1.1 Defining Junction Temperature and Heat Dissipation

The operational lifespan of an LED is fundamentally dictated by its junction temperature (Tj). As current passes through the semiconductor, heat is generated at the p-n junction. This heat must be efficiently conducted away via the heat sink to prevent thermal runaway. The LED Heat Sink Thermal Resistance Test per IEC 60068 provides the standardized methodology to quantify this thermal path, typically measured in °C/W. A lower thermal resistance (Rth) indicates superior heat transfer, directly impacting the stability of luminous flux output.

1.2 The Link Between Thermal Stress and Lumen Depreciation

Thermal stress is the primary catalyst for lumen depreciation. Per the Arrhenius Model, for every 10°C increase in Tj, the reaction rate for chemical degradation (e.g., phosphor browning, solder joint fatigue) approximately doubles. Engineers rely on LISUN’s LEDLM-80PL system to perform accelerated aging tests that simulate years of thermal stress within a 6,000-hour window (per LM-80).
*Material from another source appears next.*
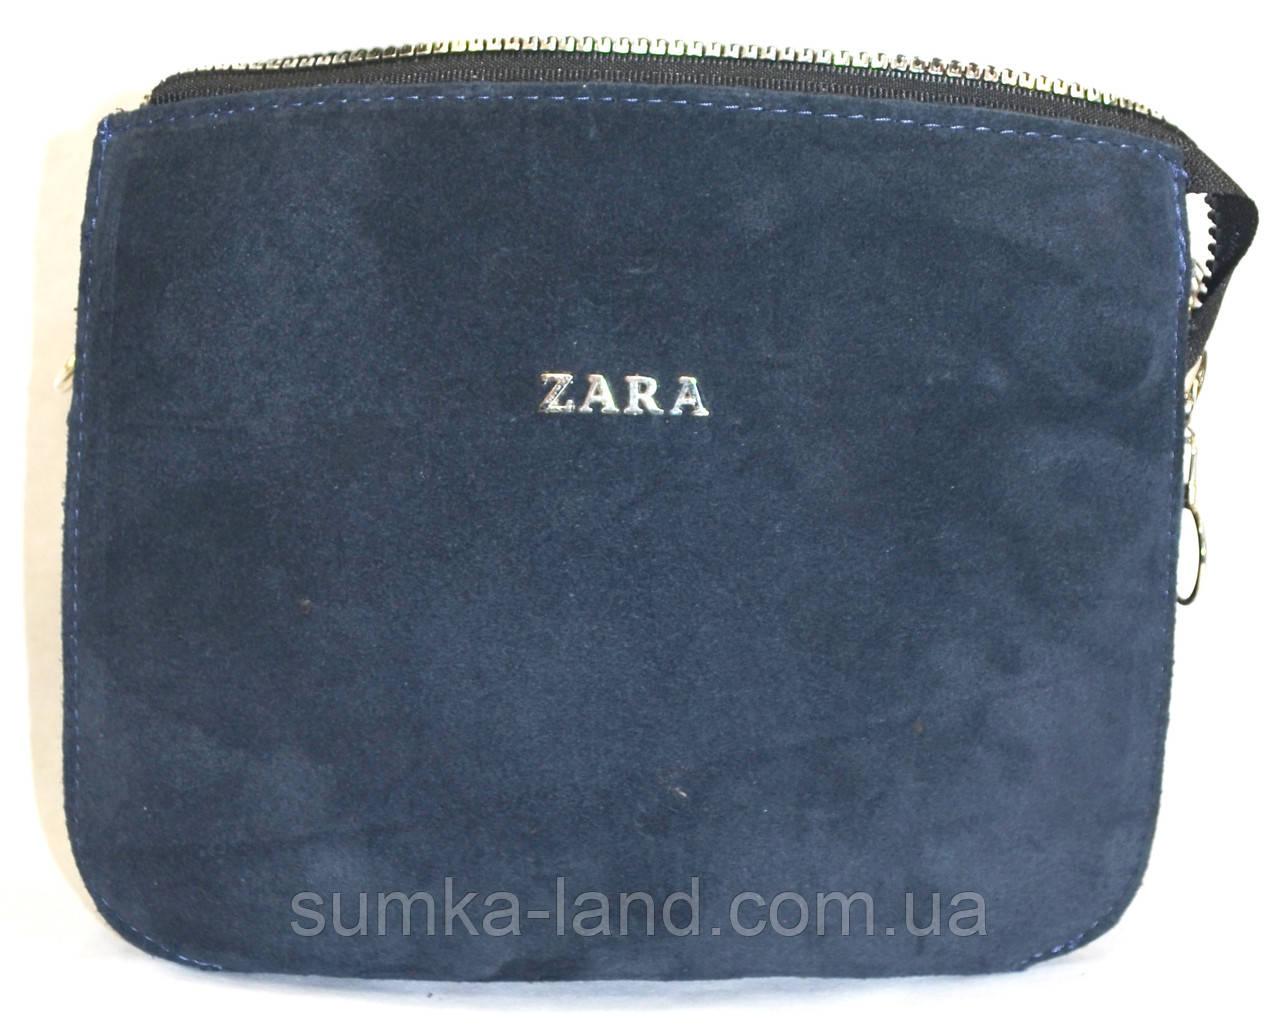 Женский синий клатч Zara из натуральной замши на цепочке 23*18 см

This data is essential for calculating L70 (time to 70% lumen maintenance), a metric directly dependent on the heat sink’s ability to manage the LED Heat Sink Thermal Resistance Test per IEC 60068 parameters.

2.1 Understanding the IEC 60068 Environmental Testing Framework

IEC 60068 is a comprehensive series of environmental testing standards covering thermal, humidity, and vibration stress. For LEDs, the specific focus of the LED Heat Sink Thermal Resistance Test per IEC 60068 is on steady-state thermal performance (IEC 60068-2-2) and thermal cycling (IEC 60068-2-14). The test assesses how the heat sink’s material (usually aluminum or copper) and fin geometry maintain consistent Rth under varying ambient temperatures. LISUN’s testing instruments can be connected to up to 3 temperature chambers simultaneously, allowing concurrent testing of heat sinks under different thermal profiles (e.g., 25°C, 55°C, and 85°C).
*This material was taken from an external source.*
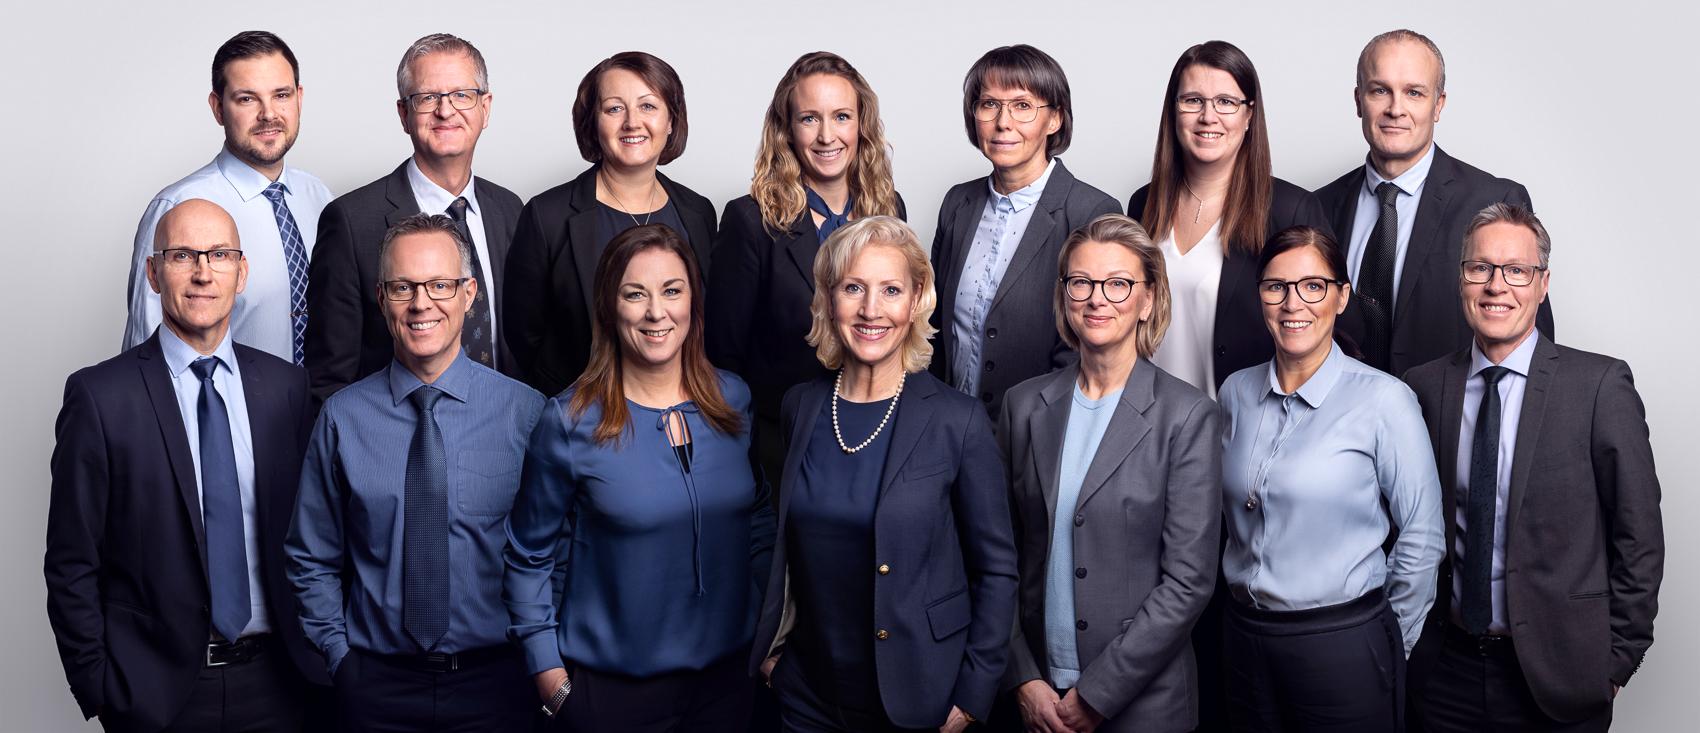 Ihopklippt Gruppfoto av personalen på Esse Revision

2.2 Correlation with IES TM-21 and LM-80 Reliability Metrics

The data derived from the thermal test is rarely used in isolation. It feeds directly into the TM-21 extrapolation algorithm. While LM-80 provides the raw lumen maintenance data at specified case temperatures (Ts), the thermal resistance test validates that the heat sink can actually achieve and sustain the required Ts. If the LED Heat Sink Thermal Resistance Test per IEC 60068 reveals a higher-than-expected Rth, the TM-21 projection for L70 will be over-optimistic. LISUN’s LEDLM-84PL system (LM-84/TM-28 compliant) is specifically designed for integrated LED lamps, where the heat sink is non-removable, making this test critical for assembly validation.
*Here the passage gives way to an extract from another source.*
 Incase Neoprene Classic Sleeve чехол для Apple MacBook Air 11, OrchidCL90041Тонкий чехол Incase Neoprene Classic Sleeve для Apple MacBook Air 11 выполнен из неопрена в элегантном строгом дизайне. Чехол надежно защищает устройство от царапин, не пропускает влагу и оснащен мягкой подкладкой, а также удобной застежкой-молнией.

3.1 LEDLM-80PL: The Standard for Component-Level Thermal Testing

The LISUN LEDLM-80PL is engineered for discrete LED packages and modules. For the LED Heat Sink Thermal Resistance Test per IEC 60068, this system excels due to its:

• Dual Testing Modes: It can perform constant current or constant power testing, allowing engineers to measure how thermal resistance changes under electrical load.
• High Precision Data Logging: It monitors voltage drop across the LED, from which junction temperature can be calculated indirectly (via K-factor calibration).
• Arrhenius Model Integration: The software automatically applies the thermal acceleration factor to predict L70/L50 metrics from the shorter 6,000-hour test.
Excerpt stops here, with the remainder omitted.